Poppies narcotic properties are notorious. Our garden types are not the gateway to addiction. Their protective chemistry is hazardous to predatory insects. Beans, tomatoes, and summer squash grown are thrive under poppies protection. Their robust orange/red blooms remind us peace blesses.
Farmer’s markets are invaluable seed and plant sources. Blue, red, yellow and the common spud are sold as food for far less than seed catalog prices. Many urban gardener’s dismiss the potato as far too cheap and abundant for their high priced urban garden space. Hold the horses!
Blue potatoes are truly novel. Their flesh is blue throughout, much as a beet is reddish. All potatoes ask is for a sunny location. Engage children in the garden. Potatoes are large tubers, each “eye” will sprout a new potato. Youngsters quickly identify the root node or eye.
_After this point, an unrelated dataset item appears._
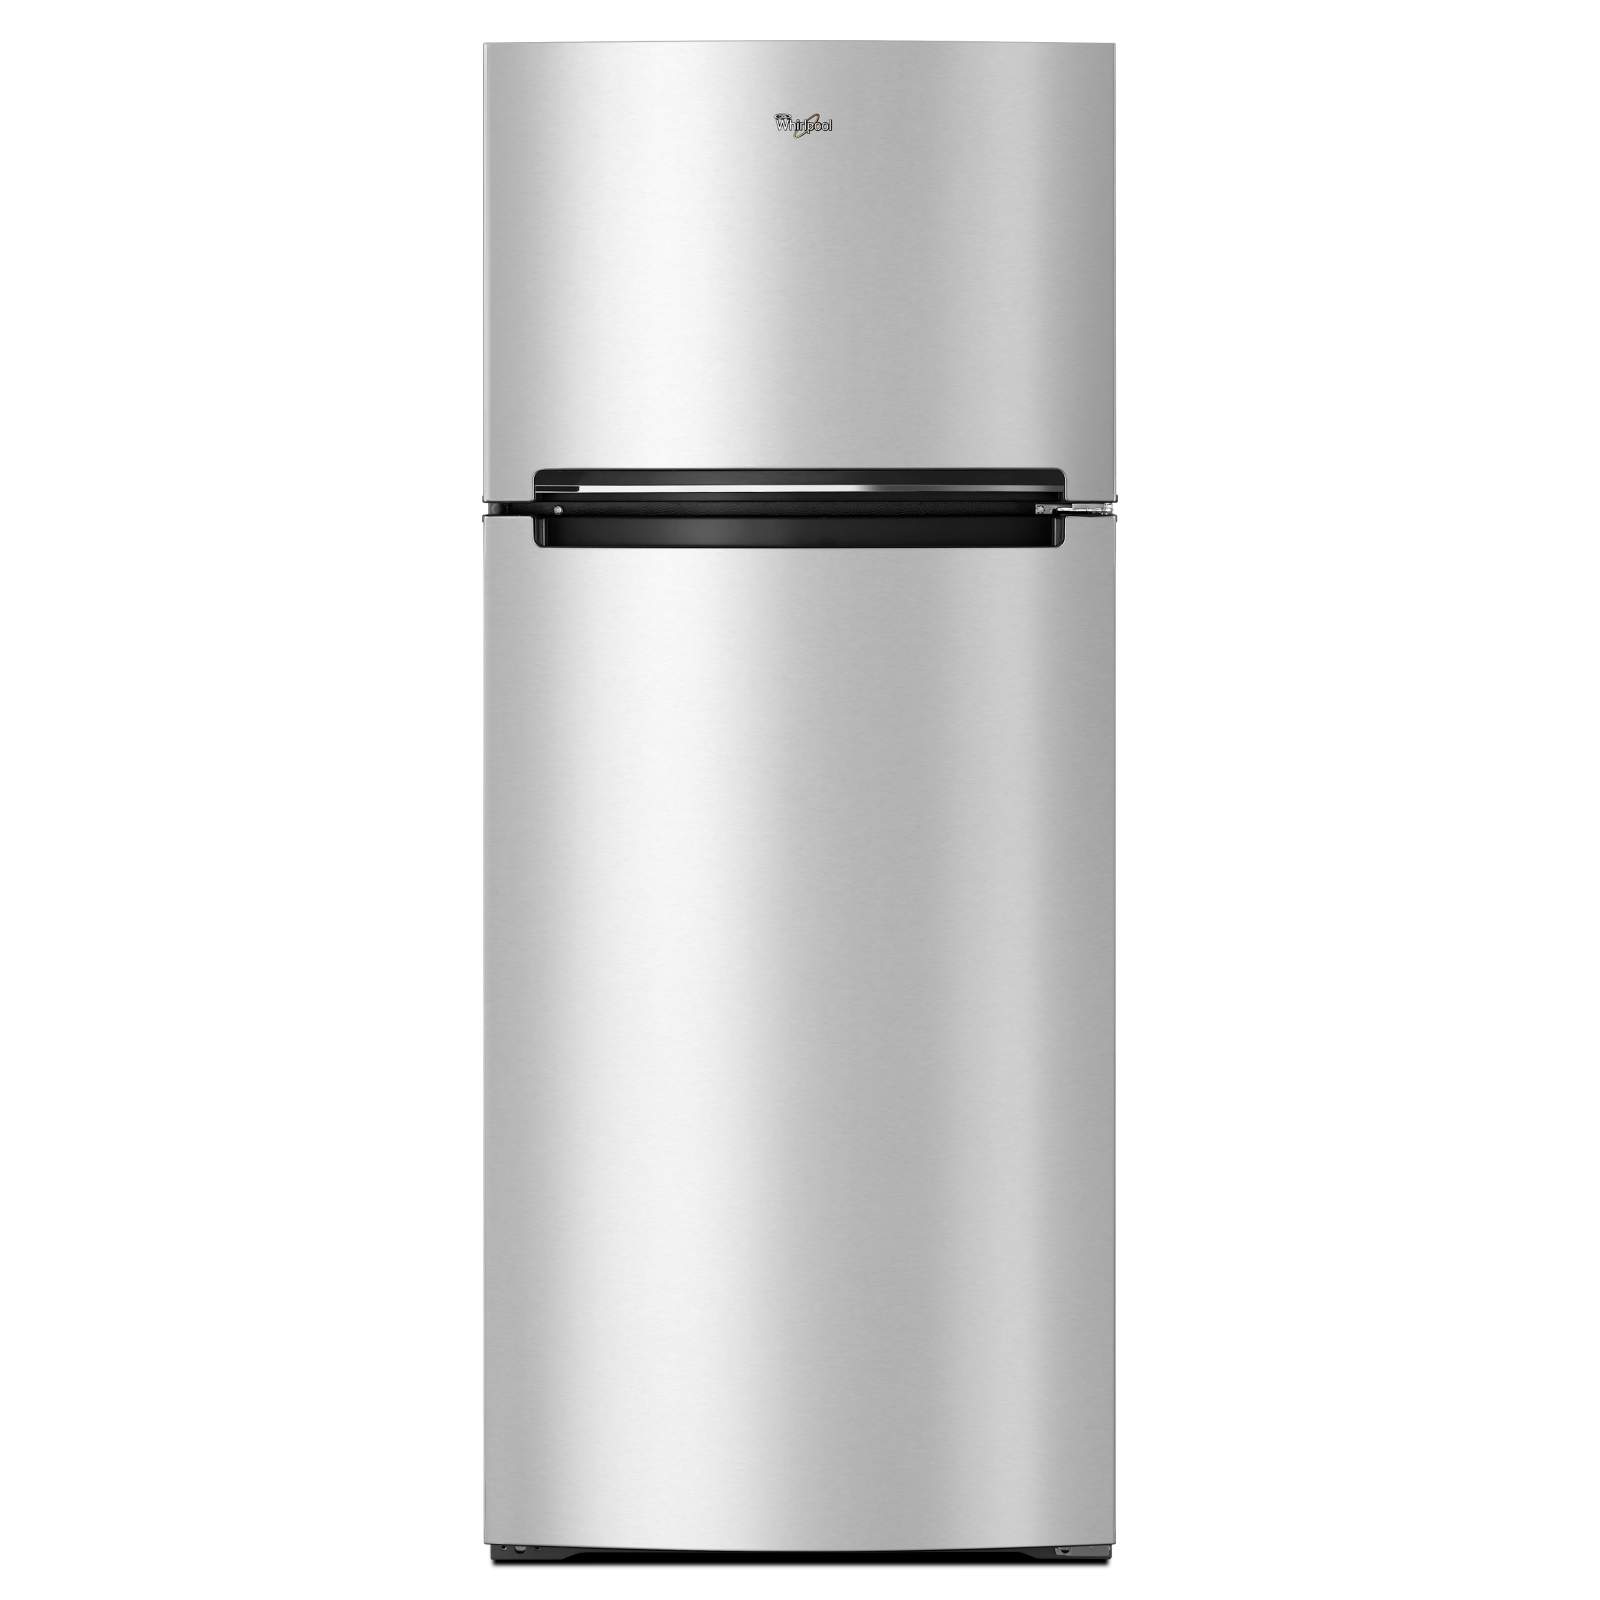 Whirlpool - 28 Inch 17.64 cu. ft Top Mount Refrigerator in Stainless - WRT518SZFM

Supervise any activity with blades or while browsing at the farmer’s market, select very small potatoes. Potatoes can be grown in a bale of hay sunk a little into topsoil. Bales of hay divide into “leaves” perfect for inserting seed potatoes, press back together, water occasionally.
Garden fresh potatoes are delicious. Grown in hay or just under a thick permanent mulch, potatoes yield a constant harvest. Gently pry among the tuberous roots, break off enough to eat, press back the mulch or hay bale. The bale will become humus, the crop sustainable. Mounds of old mulch suit much the same purpose. Distribute potatoes apart by color and foil insects with parsley. Snip off generous amounts of parsley leaves to enjoy with fresh potatoes. The nutritional value is vitamin and carbohydrate rich, the joy of awaking interest in gardens is lifelong.
Potatoes naturalize in gardens under permanent mulch. Some are always overlooked, others exposed during cultivation and quickly buried under foot, re-establish. There is no need to remove the crop for storage, potatoes dug from under snowy mulch are superb winter fare. Look for heirloom types that rarely reach the common markets. Plant potatoes with children and in hand, history and culture are more apparent. Andean cultures created myriads of fascinating cultivars. Each narrates our common bonds across generations.
June is forever fixed as immortal. Important steps In life are its oxygen, careless beauty its pathway into being. Mix plant types and foil insects. Associate protective plants with those grown for the table. Spend precious time with those whose gift is a long procession of future gardens. Pomp? Circumstance? Garden, I offer the lowly spud, blue of course.
Leonard Moorehead is a life-long gardener. He practices organic-bio/dynamic gardening techniques in a side lot surrounded by city neighborhoods in Providence RI. His adventures in composting, wood chips, manure, seaweed, hay and enormous amounts of leaves are minor distractions to the joy of cultivating the soil with flowers, herbs, vegetables, berries, and dwarf fruit trees.